----- INPUT DATA

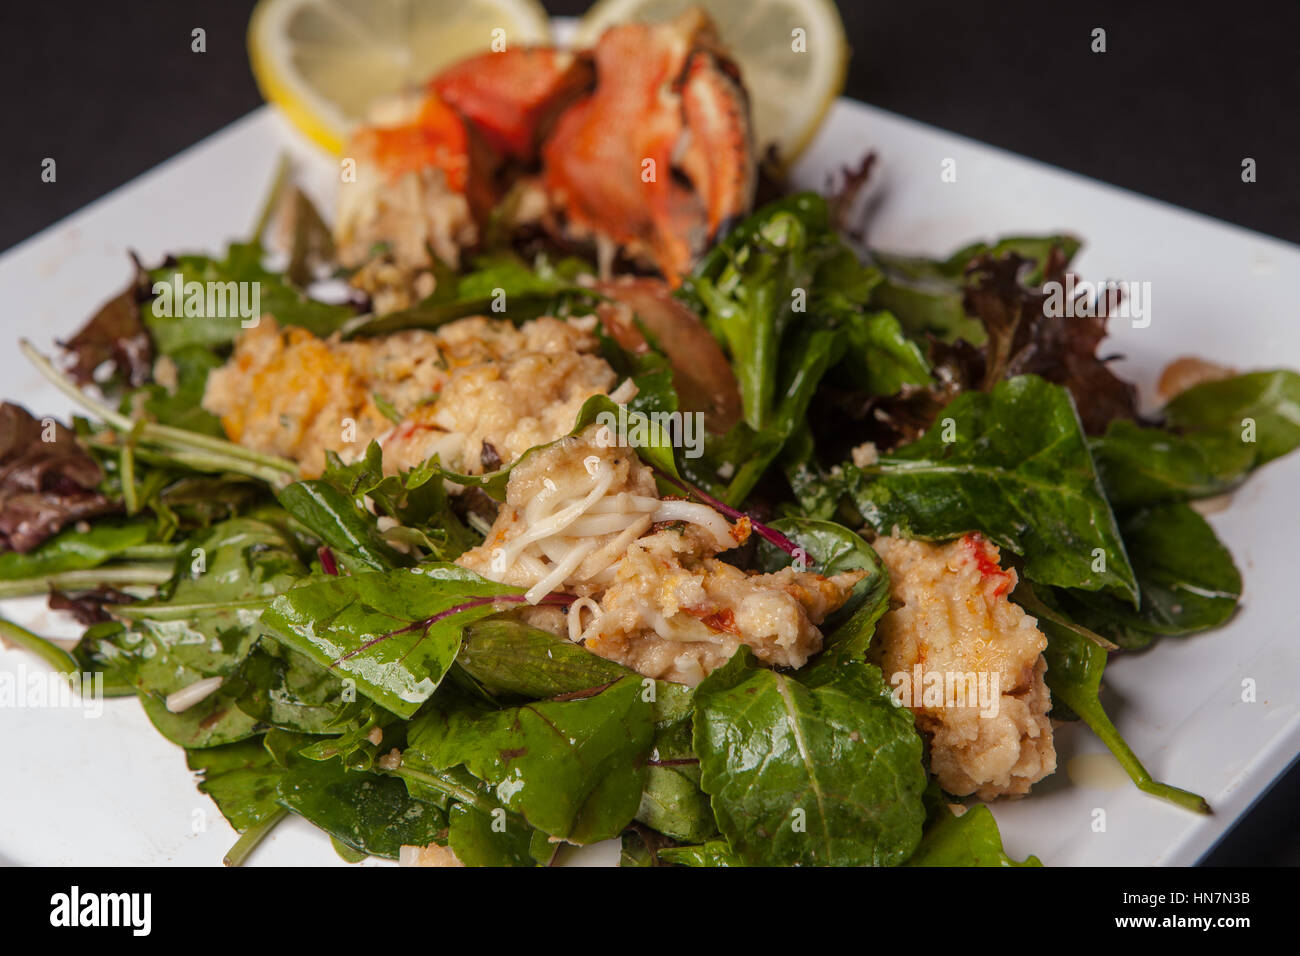 Crab Salad on a bed of spring mix greens with olive oil Stock Photo
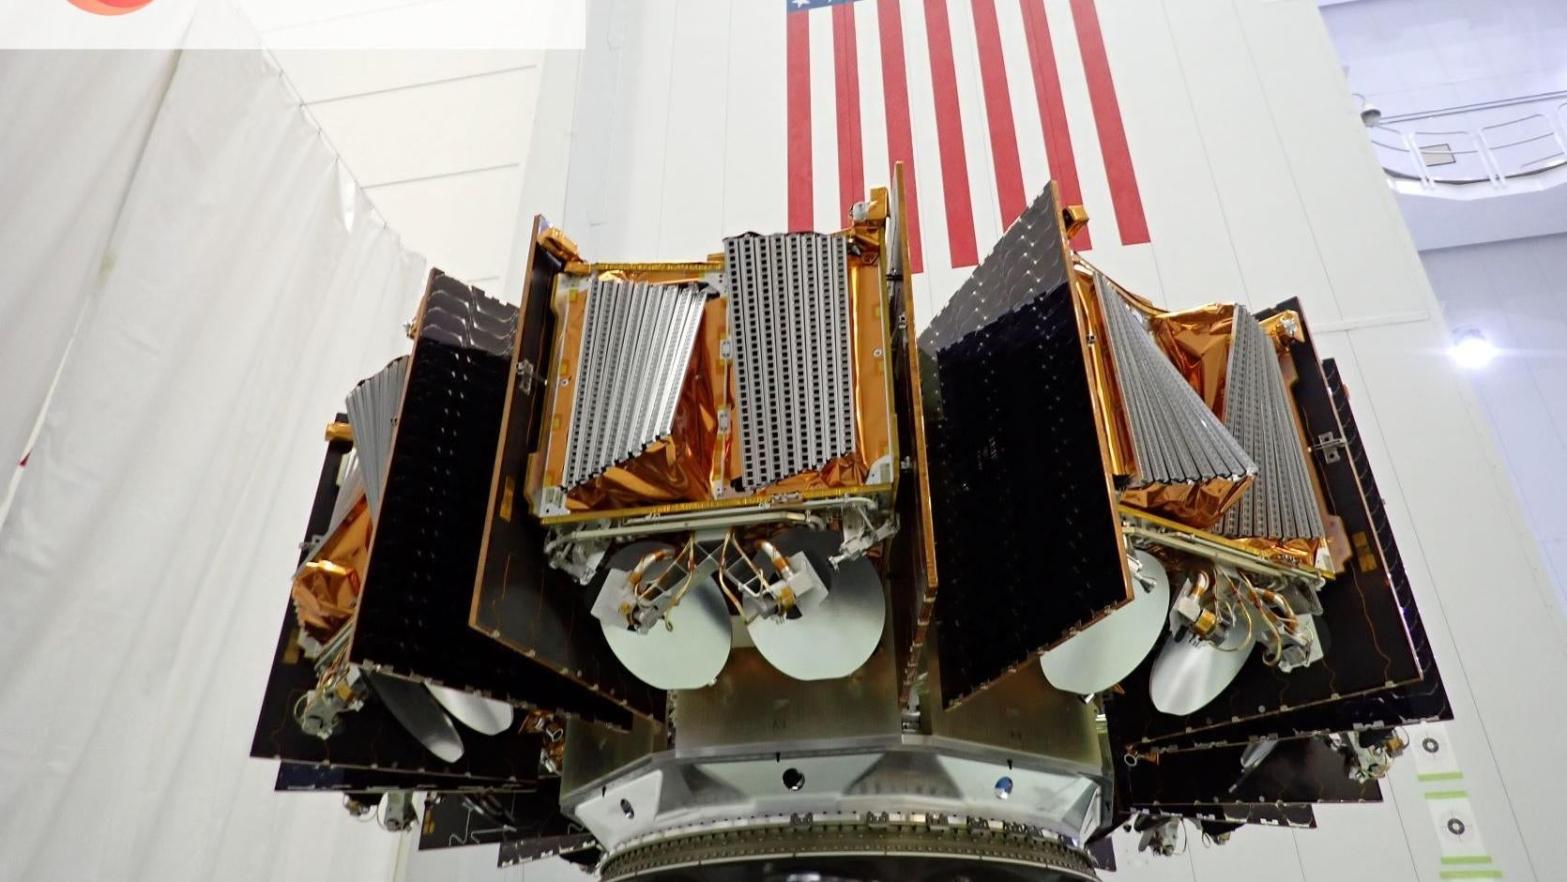 The OneWeb satellites attached to the dispenser ahead of their launch to low Earth orbit. (Photo: OneWeb)
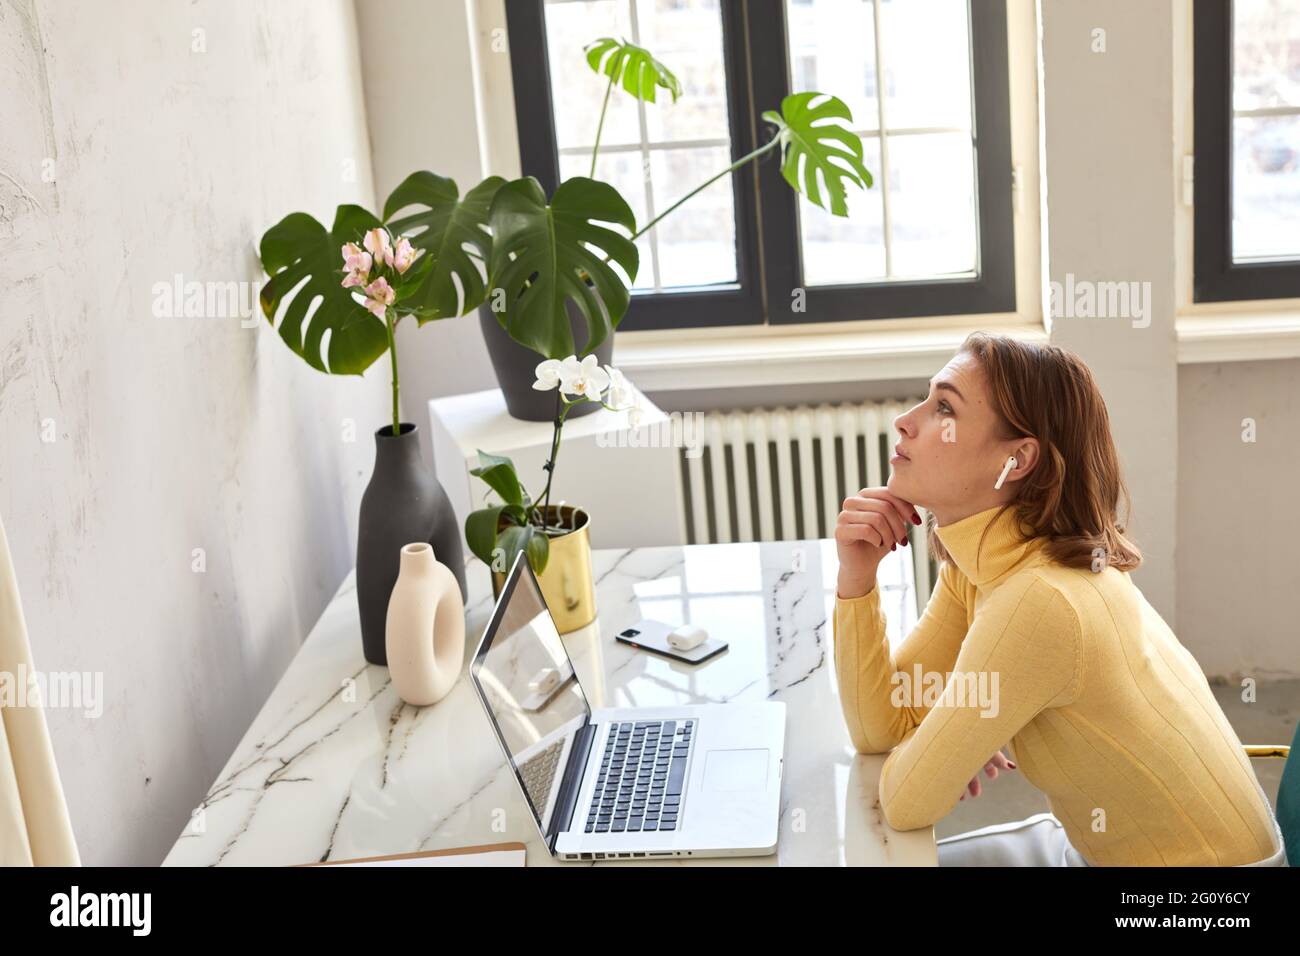 Side view of female in wireless earphones sitting at table with netbook and enjoying music and looking up Stock Photo
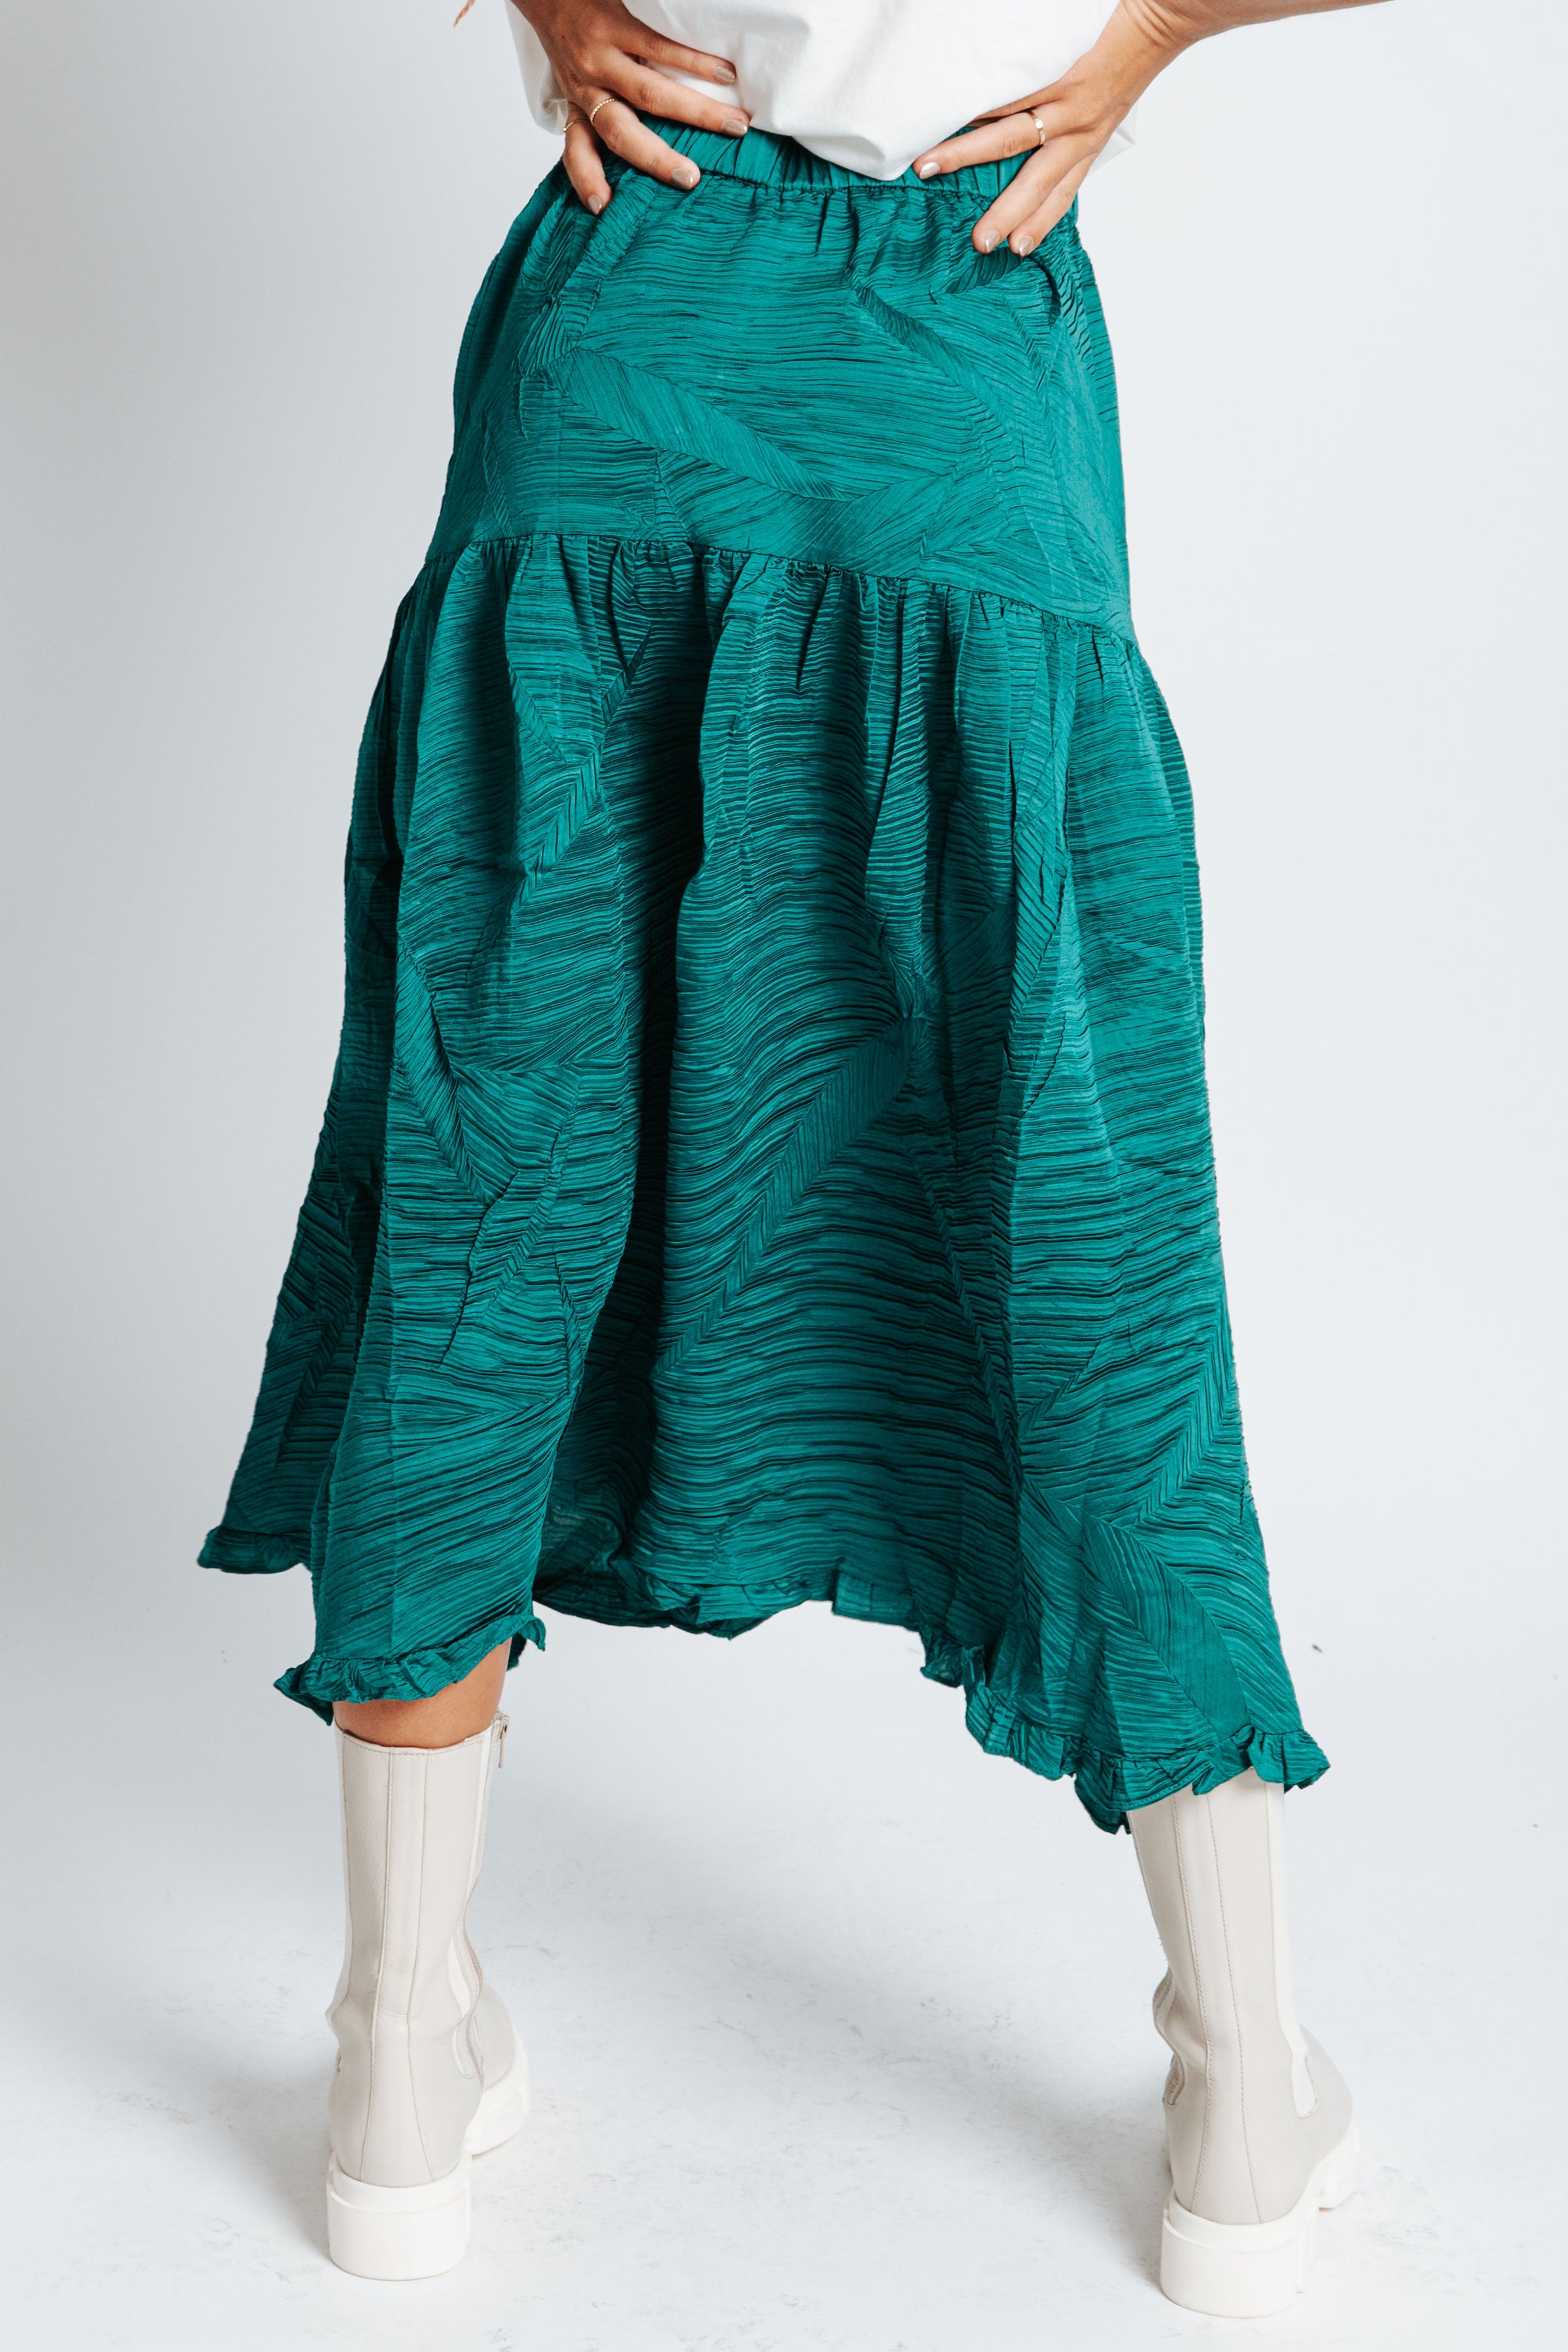 The Marnie Ruched Detail Skirt in Emerald Green

----------

PROBLEM DETAILS: Please output each line above exactly and omit all images.

RESULT OF THE TASK:
 Crab Salad on a bed of spring mix greens with olive oil Stock Photo
 The OneWeb satellites attached to the dispenser ahead of their launch to low Earth orbit. (Photo: OneWeb)
 Side view of female in wireless earphones sitting at table with netbook and enjoying music and looking up Stock Photo
 The Marnie Ruched Detail Skirt in Emerald Green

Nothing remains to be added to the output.